Problem requirements →
A word-for-word copy of the lines below, starting at the line with "Salsa Kurs Kiel - Salsa tanzen lernen" and ending at the last one, is what you should give. Omit every picture.

Dataset section →
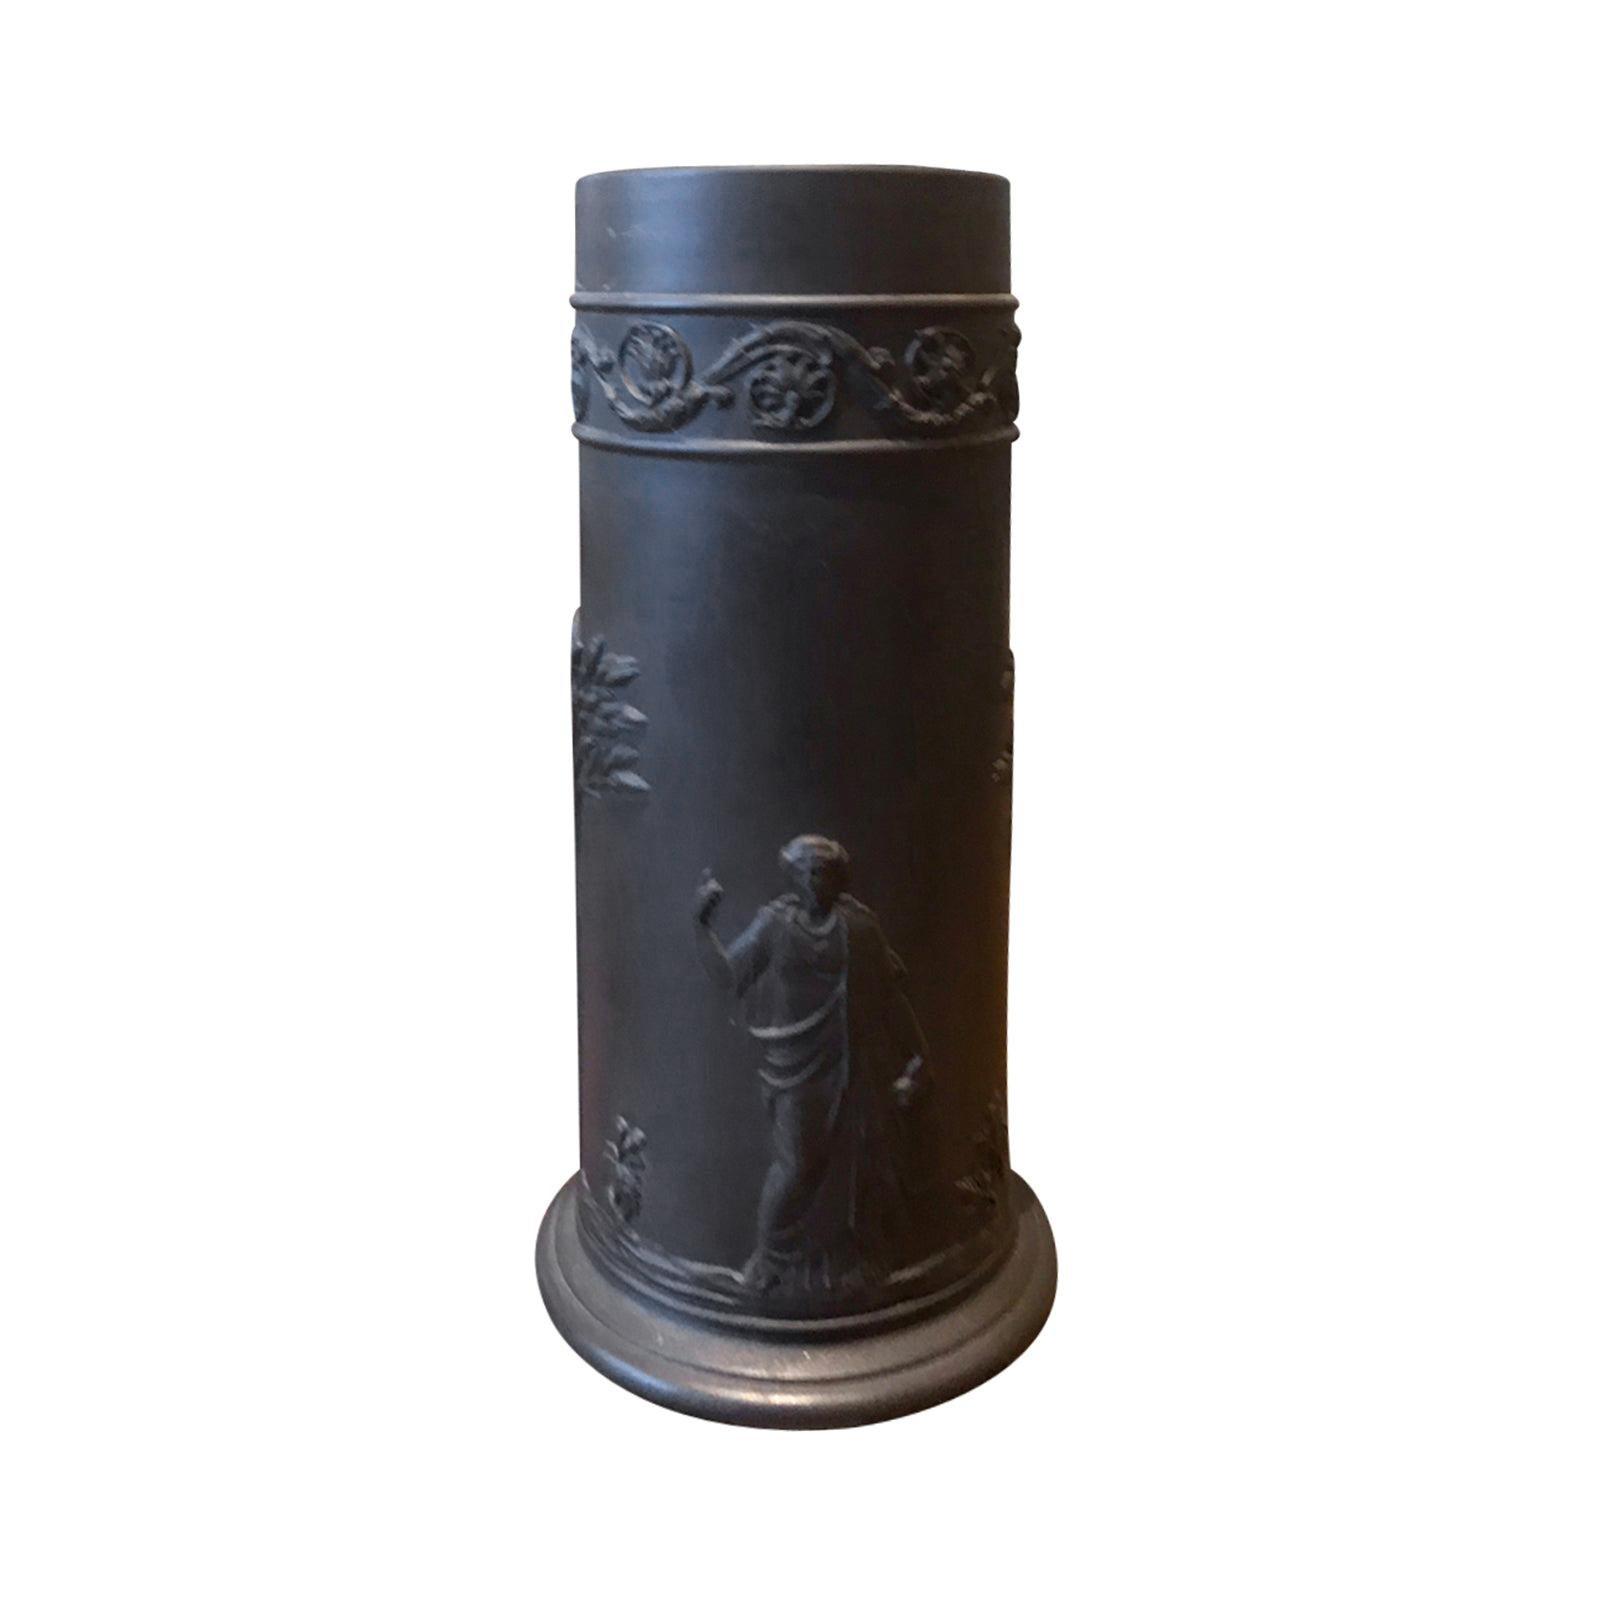 20th Century Small English Wedgwood Basalt Vase / Brush Pot, Marked
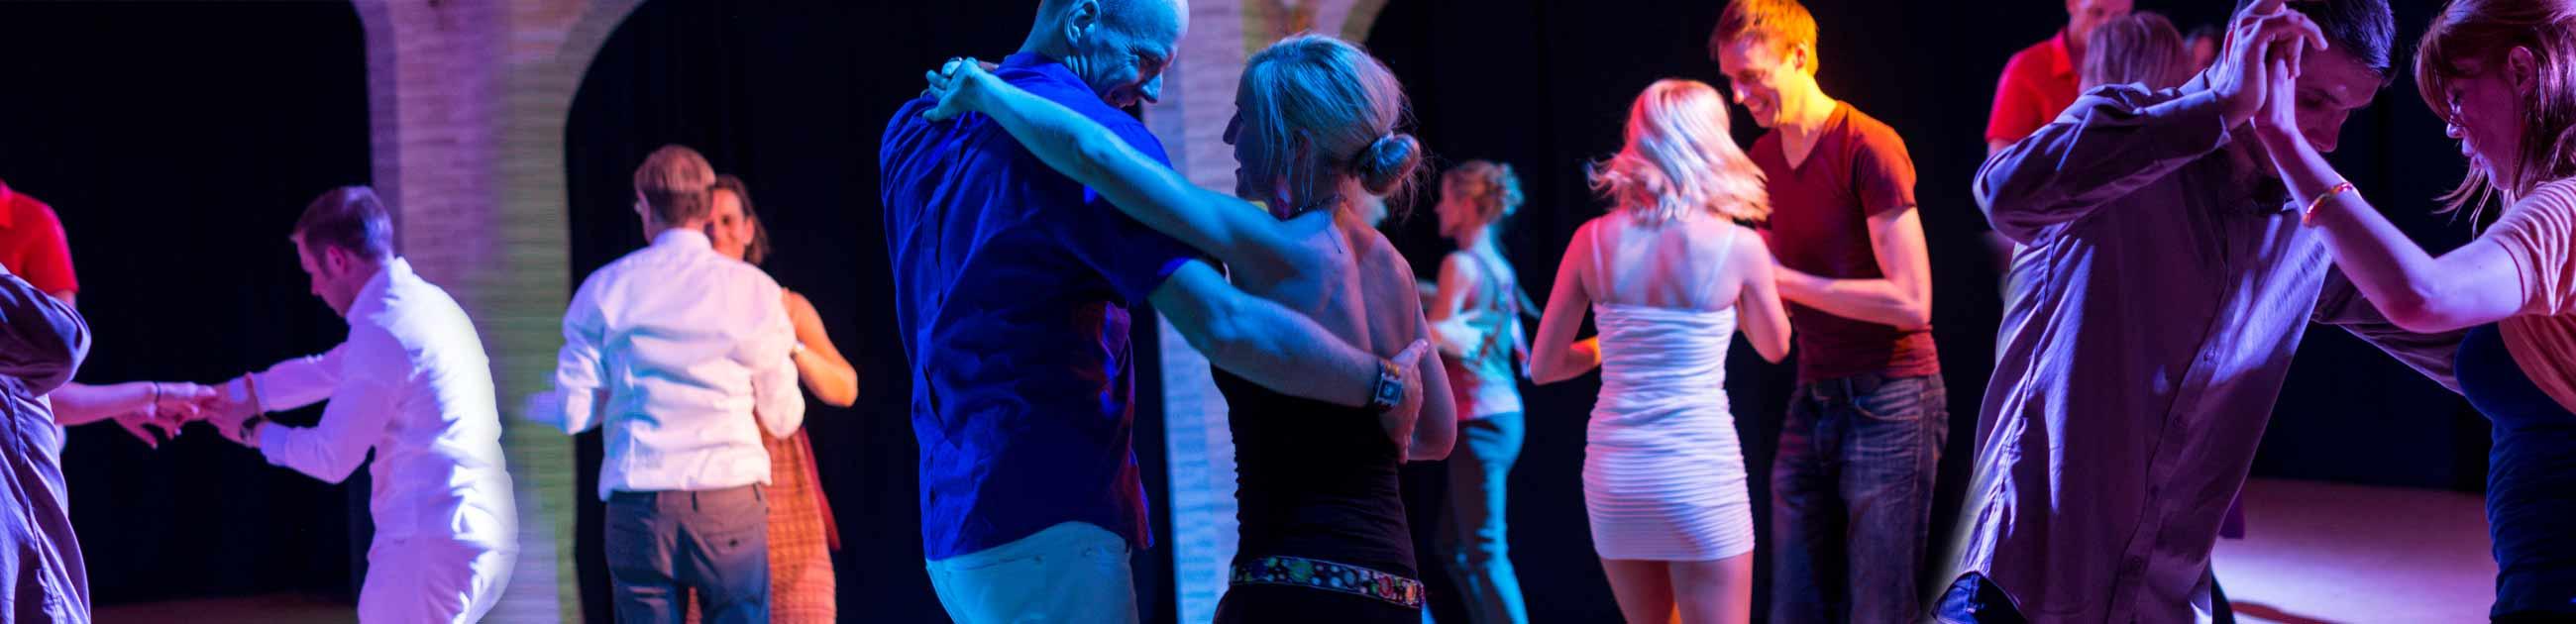 Salsa Kurs Kiel - Salsa tanzen lernen
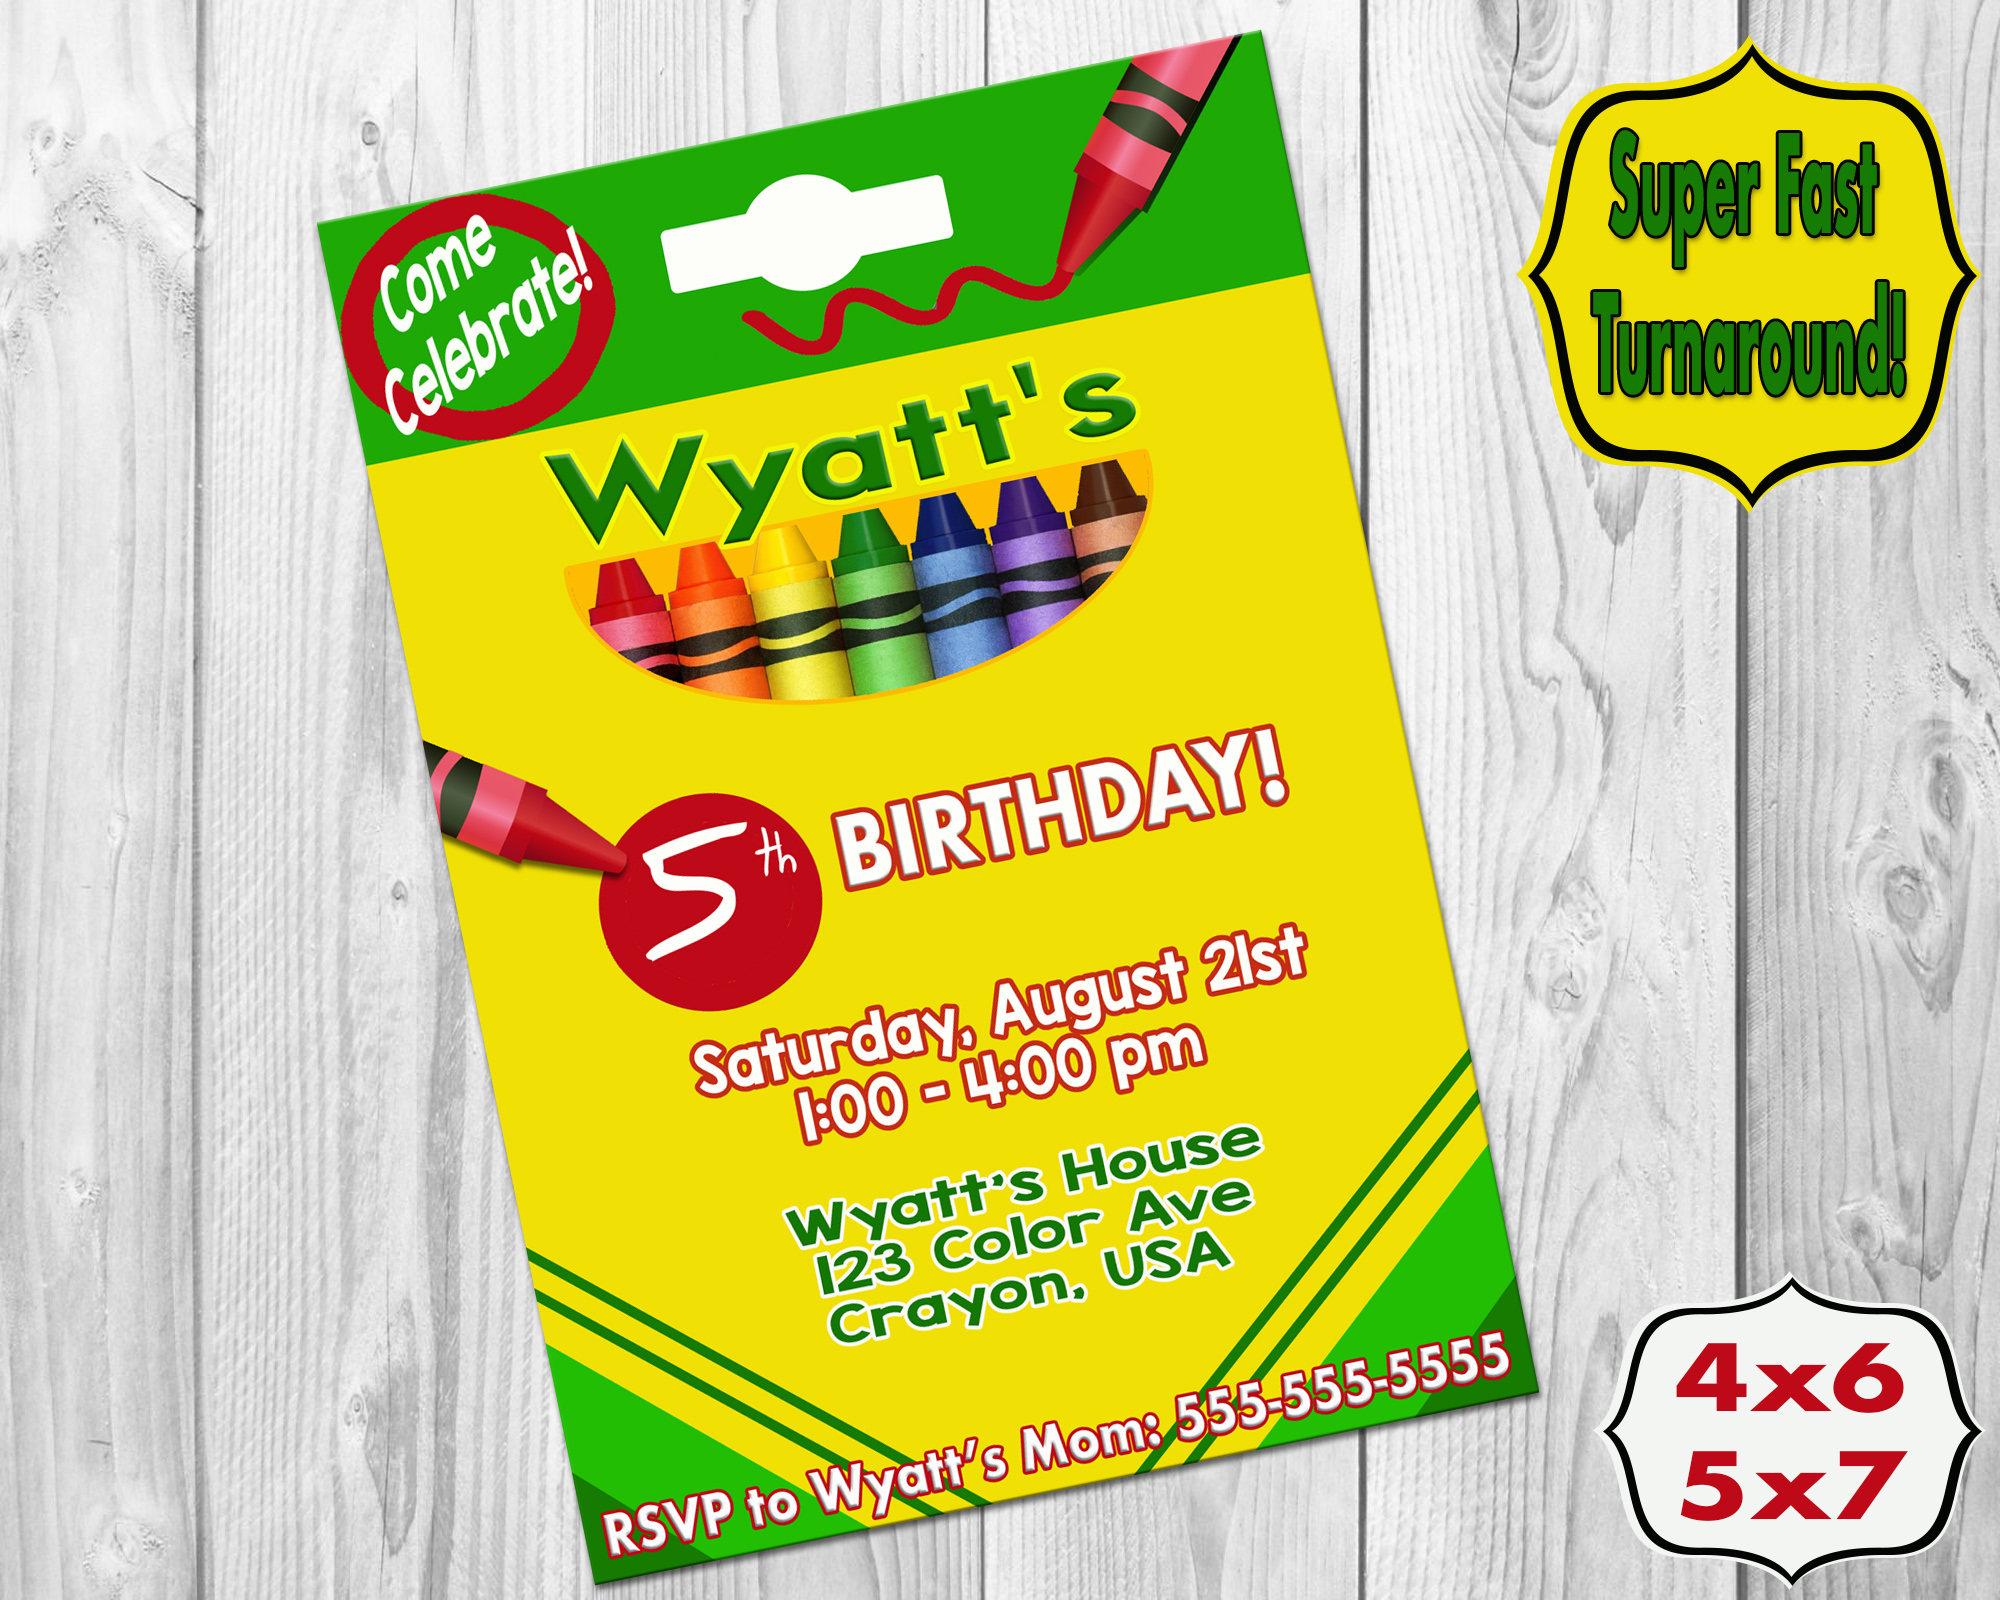 Crayon Invitations Crayon Birthday Party Printable Art | Etsy

Written response →
 Salsa Kurs Kiel - Salsa tanzen lernen
 Crayon Invitations Crayon Birthday Party Printable Art | Etsy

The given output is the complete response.